Cotton Reviews Blade Runner (1982)


This review is for the Final Cut version of the film

What does it mean to be human? Can we definitively define what humanity is? If a machine can produce memories, become self-aware, fight for its survival, and produce memories, can we say that they aren’t human? Those are some of the questions which are tackled in Ridley Scott’s Sci-Fi masterpiece Blade Runner.

Blade Runner is a film which is often misunderstood. This is not an action-packed epic that it was originally marketed as. Some could even say that it is a film which is to be respected, but not necessarily enjoyed. I disagree with that sentiment. There is a lot to enjoy about this film, but it requires more of the viewer than most Hollywood films ask of them. With each subsequent viewing, the questions and themes presented have grown on me, and I can tell you that I love Blade Runner. It might be my all-time favorite film.


The film’s story concerns the creation of androids called Replicants. Replicants look human and are indistinguishable from the naked eye. They are given a four year life span and used as slave labor on off-world colonies. When the Replicants started to become self-aware and rebellious, special police units called “Blade Runners” were tasked with seeking out and assassinating them. When four dangerous Replicants stage a bloody coup on one of these colonies and escape to Earth, Deckard (Harrison Ford), the best of the old blade runners, is called out of retirement to track them down.

What follows is a multi-layered Sci-Fi/ Noir detective hybrid which, along with the novel Nueromancer, is credited with creating a subgenre of Sci-Fi, Cyberpunk. What distinguishes this film is the concept of “high tech, but low life”. Everywhere in the film there are bright lights, computer generated billboards, and huge blimps with large screens serving as advertisements.

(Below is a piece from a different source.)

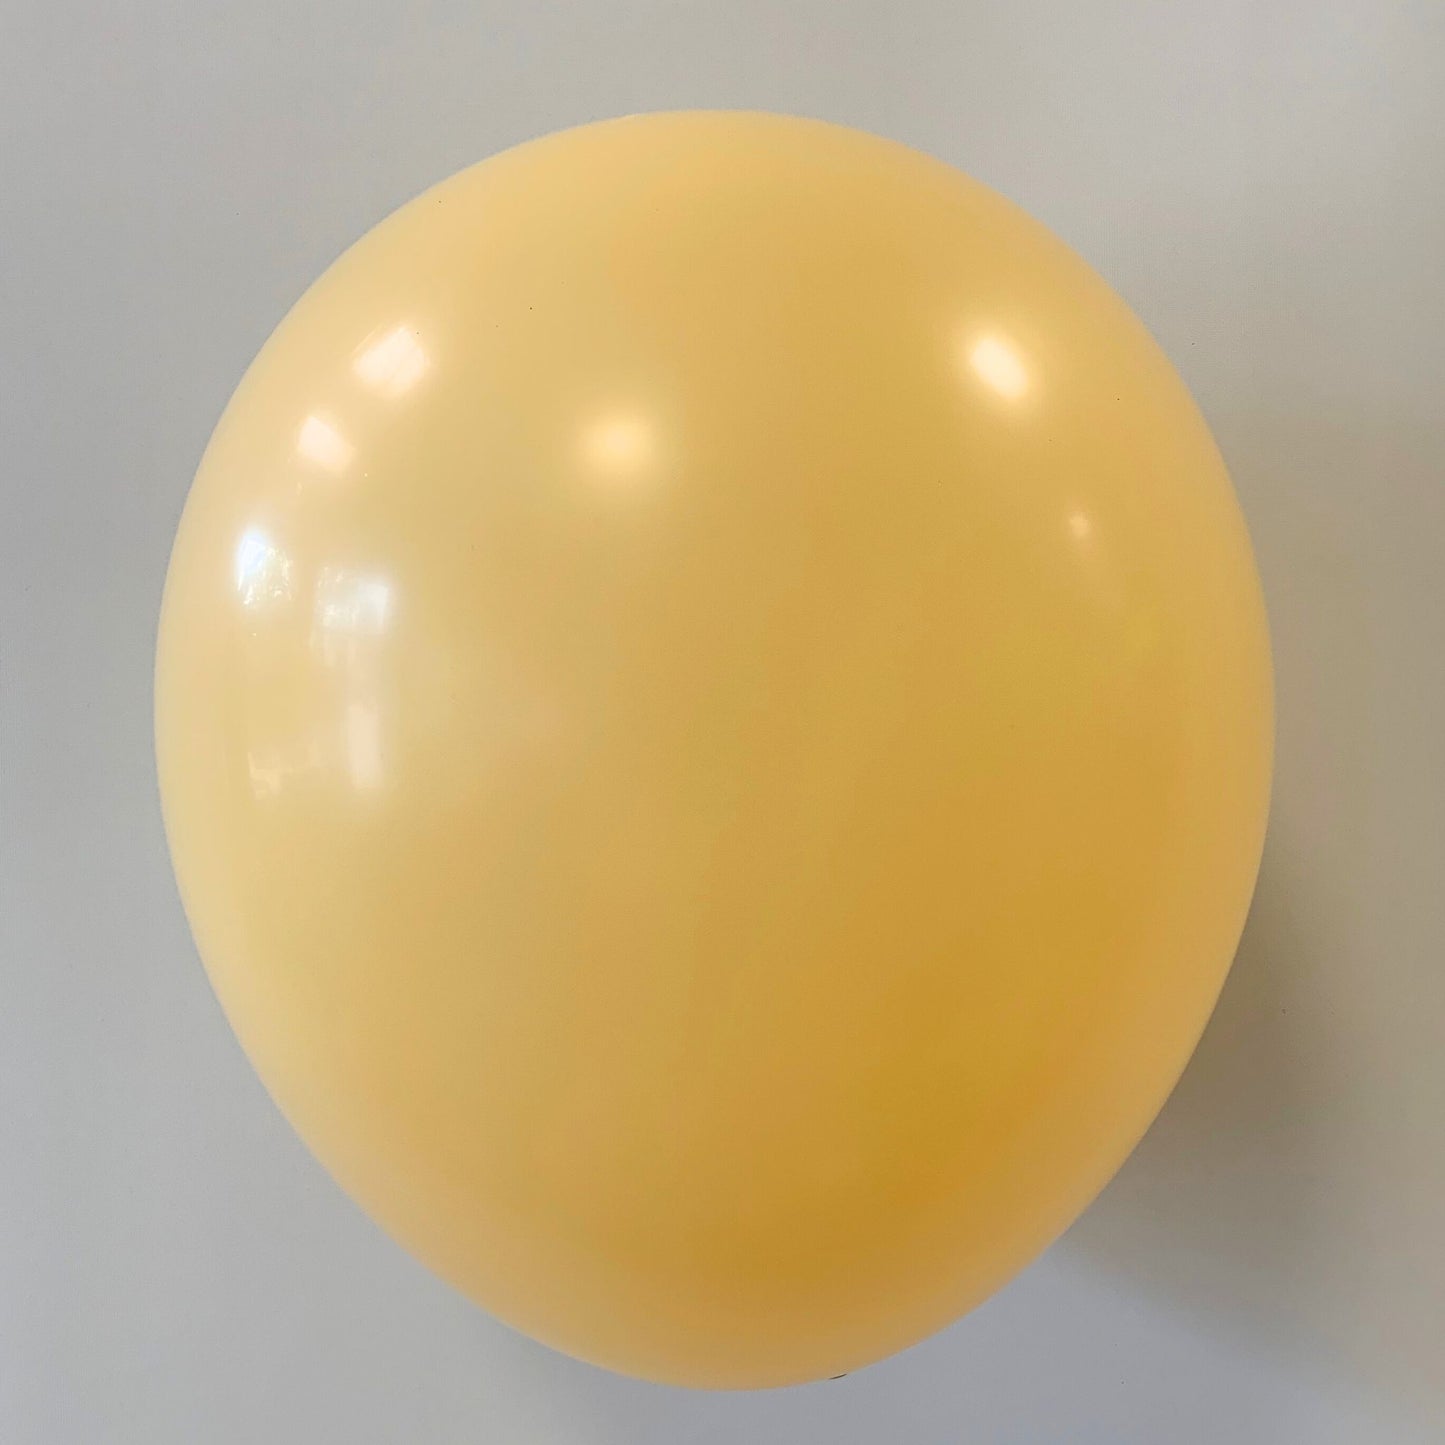 11 inch helium filled Peach Blush latex balloon

Meanwhile, down on the street, there is physical, moral, and societal decay.

This is a complex film which asks more questions than it answers (at least, in the Final Cut, by far the best version). What begins as an easy determination of what is a human and what is a machine becomes muddied. The four replicants are at first shown as evil, but the longer the film goes, we learn what they are really after, and the questions of what is a human and what is humanity start to come about. Be warned, this is not an action-packed film, as it was advertised, this is a slow paced, intricate, and philosophically rich story.

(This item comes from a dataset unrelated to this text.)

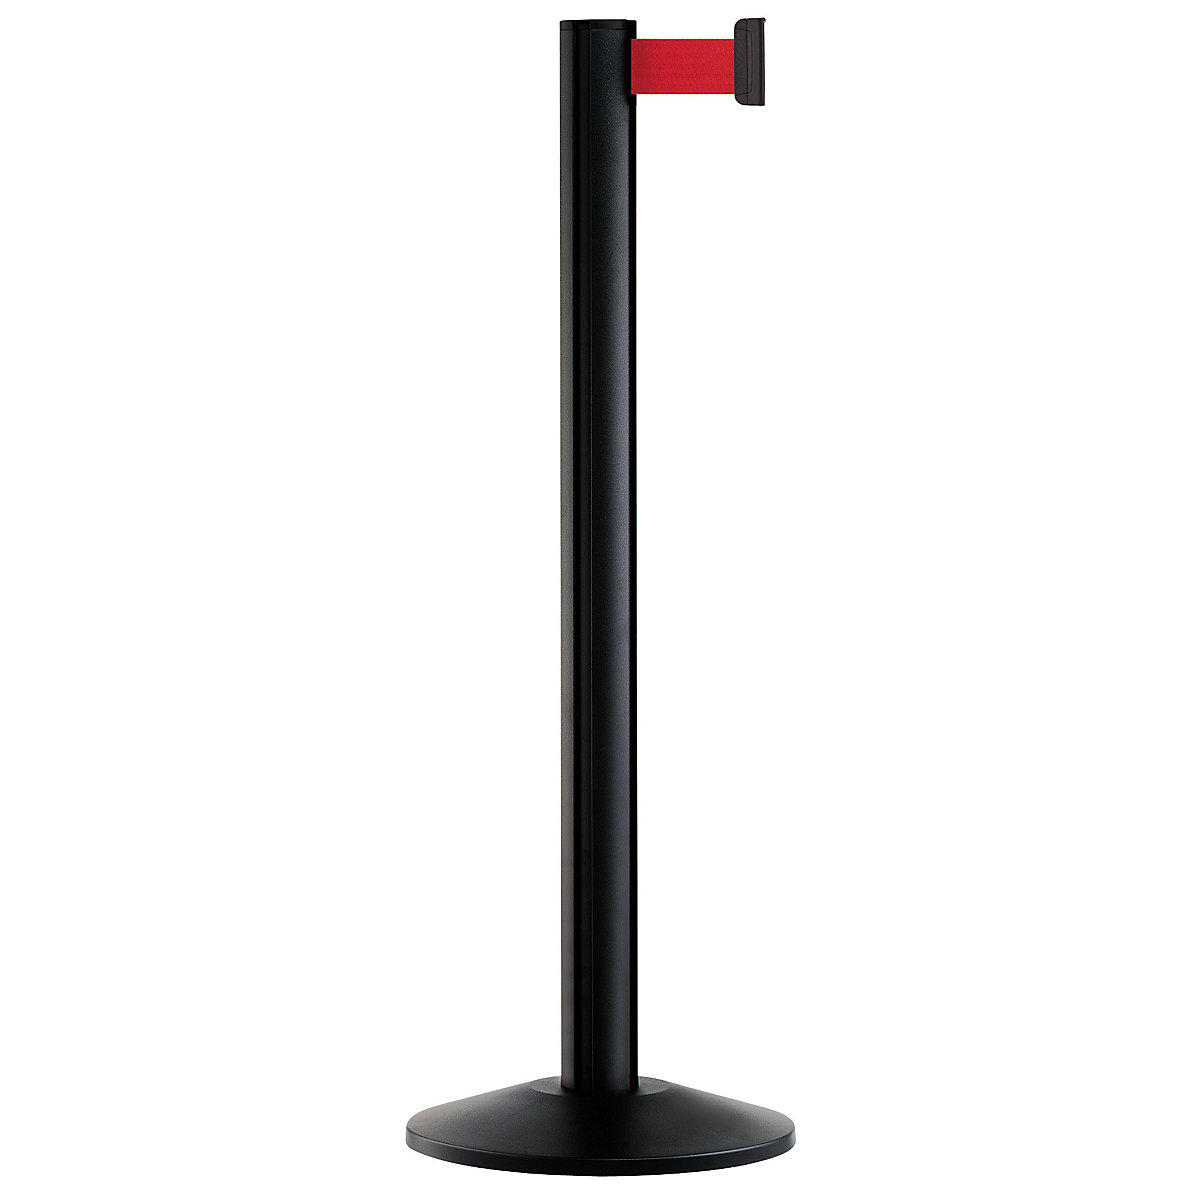 Belt post made of aluminium, post black, extends 2300 mm, belt colour red-6

At the end of the day, this is a film about life. We all build memories and accomplishments, but these are all temporary and fleeting. Once we leave this Earth, our thoughts, memories, accomplishments, and everything that we are goes with us. When we reach the end some of us will accept it, others of us will take any measure to extend our lives, and still others will go to our creators and beg for more life. But, when it is all said and done, it is all lost in time…like tears in rain.